Mark M. Mikhael, MD. Spine Surgeon at NorthShore Orthopaedic & Spine Institute and Illinois Bone & Joint Institute (Chicago & Glenview, Ill.): Value-based care. Insurance carriers are focused on value, efficiencies and the prevention of complications when it comes to patient care. Spine surgeons need to keep moving forward in that direction to see further advancements. Because we have established standardized protocols and efficiencies, patients are leaving the hospital sooner and recovering faster, and that is leading to value in patient care. We are getting patients out of the "sick state" and back to a normal life quicker, which usually means less opioid use and fewer readmissions. Many people think advancement means implementing more technology, but that's not the case. Making patient care better starts with streamlining the process, so patients spend less time in the hospital and more time at home recovering.

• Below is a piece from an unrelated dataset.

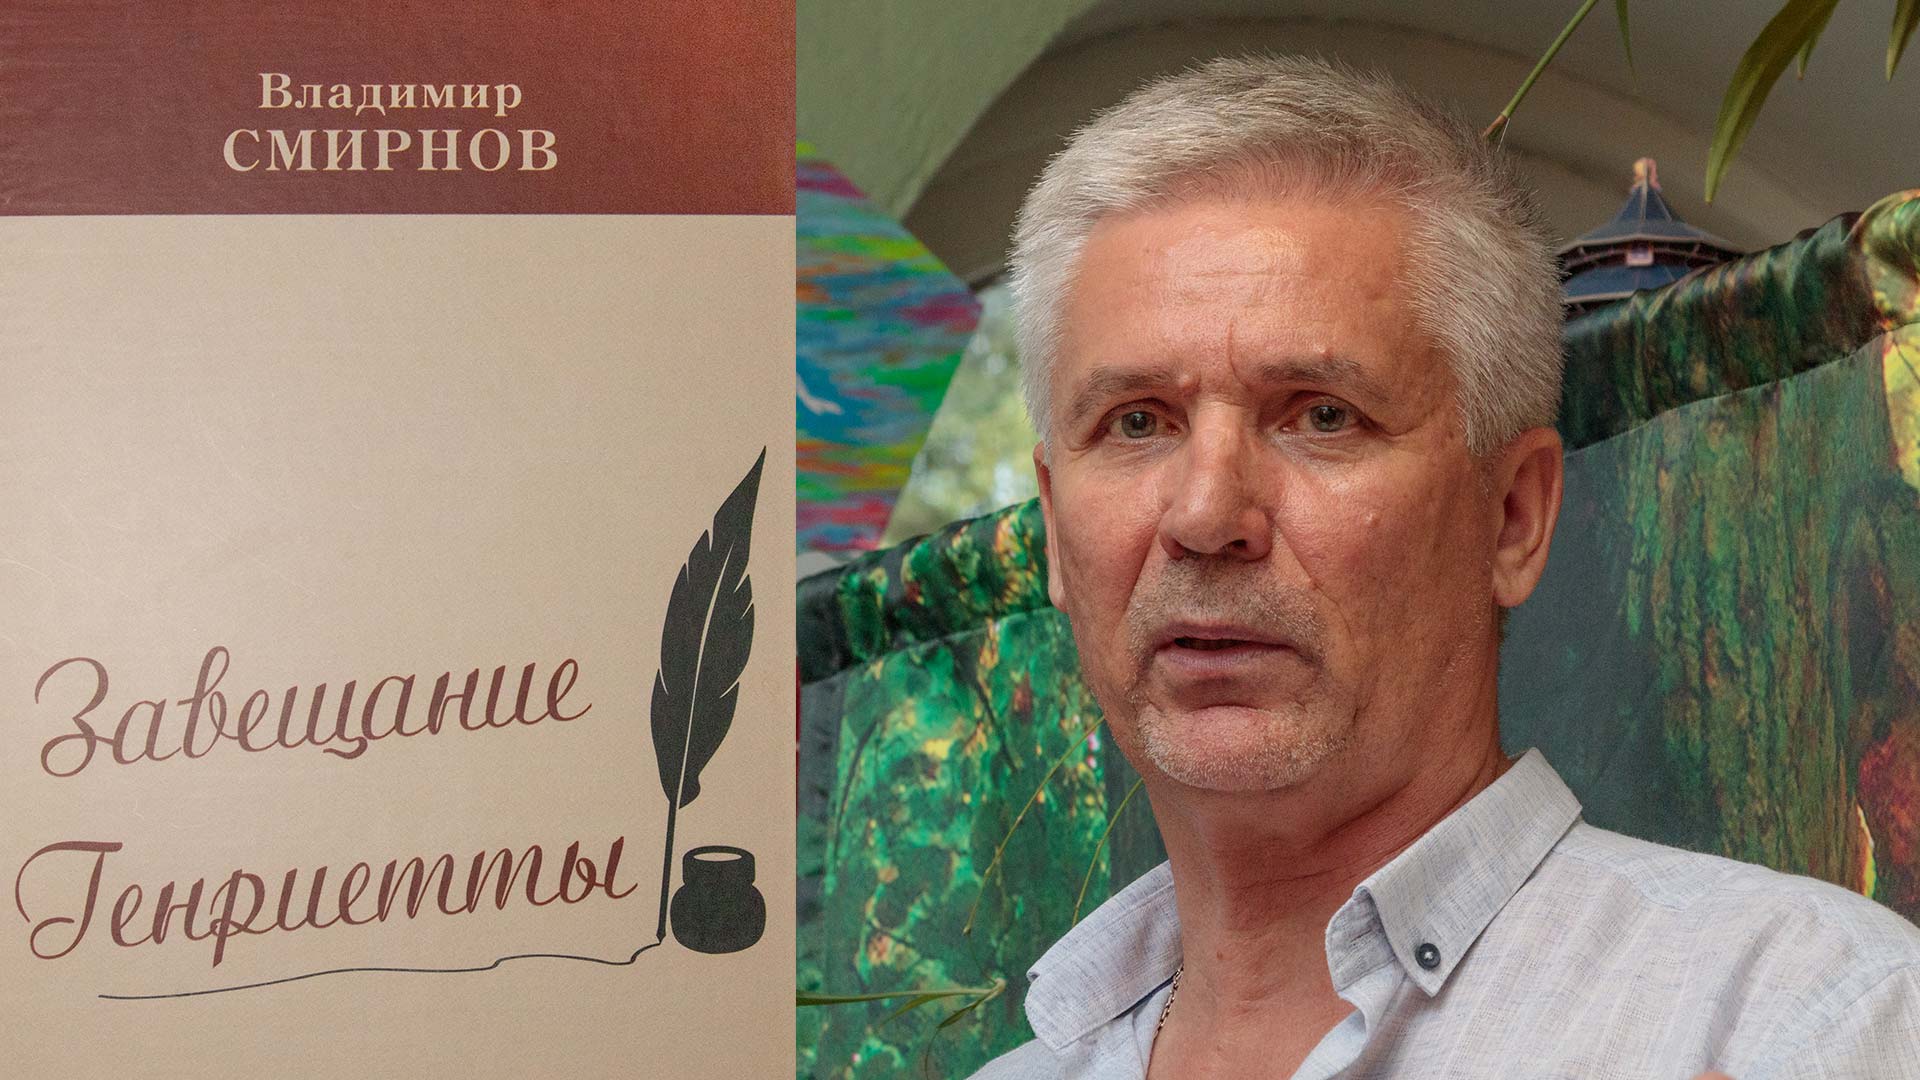 Смирнов и его книга

Issada Thongtrangan, MD. Microspine (Phoenix): We still have no great treatments for spinal cord injury and chronic low back pain. Advancement in stem cells will be a breakthrough treatment for those with devastating conditions. It will definitely need more research, clinical data and investments in both private and federal sectors.

Andrew Cordover, MD. Andrews Sports Medicine & Orthopaedic Center (Birmingham, Ala.): We must continue outcomes research and evaluate predictors of outcomes. Additionally, we need to keep assessing the outcomes metrics we use, so we will responsibly spend our healthcare dollars.

Kevin Pauza, MD. Founder of Texas Spine and Joint Hospital (Tyler): Although I live and work in a "spine surgery environment" after founding the Texas Spine and Joint Hospital, admittedly research outcomes and patient driven trends are quickly directing care towards biologics offered in ASCs. Physicians offering only minimally invasive disc replacements and fusions (no matter how minimally invasive) will be left behind, because pain’s true origin is chemical, not mechanical. Even in my “spine surgery environment,” patients travel from around the world for biologic treatmentsto avoid surgery because spine surgery — no matter how small — potentially causes iatrogenic disc breakdown. Therefore, the future of spine is biologic disc restoration.

Spine biologics are three types: (1) stem cells, with or without scaffolding, from EmCyte and others; (2) disc sealants, such the Discseel procedure, using fibrin to seal annular defects, whether they’re iatrogenic or natural, while stimulating disc tissue growth,and; (3) miscellaneous biologics such as growth factors, and anti-inflammatory molecules including A2-M.

Surgeons will routinely: (1) decompress herniated discs with minimally invasive surgery; (2) immediately seal resultant surgical defects with the Discseel Procedure; and (3) introduce miscellaneous growth or antiinflammatory constituents into sealed discs to optimize disc healing. 

Spine’s treatment’s future excites me. especially with patients and logic directing thought leaders towardsdisc biologics.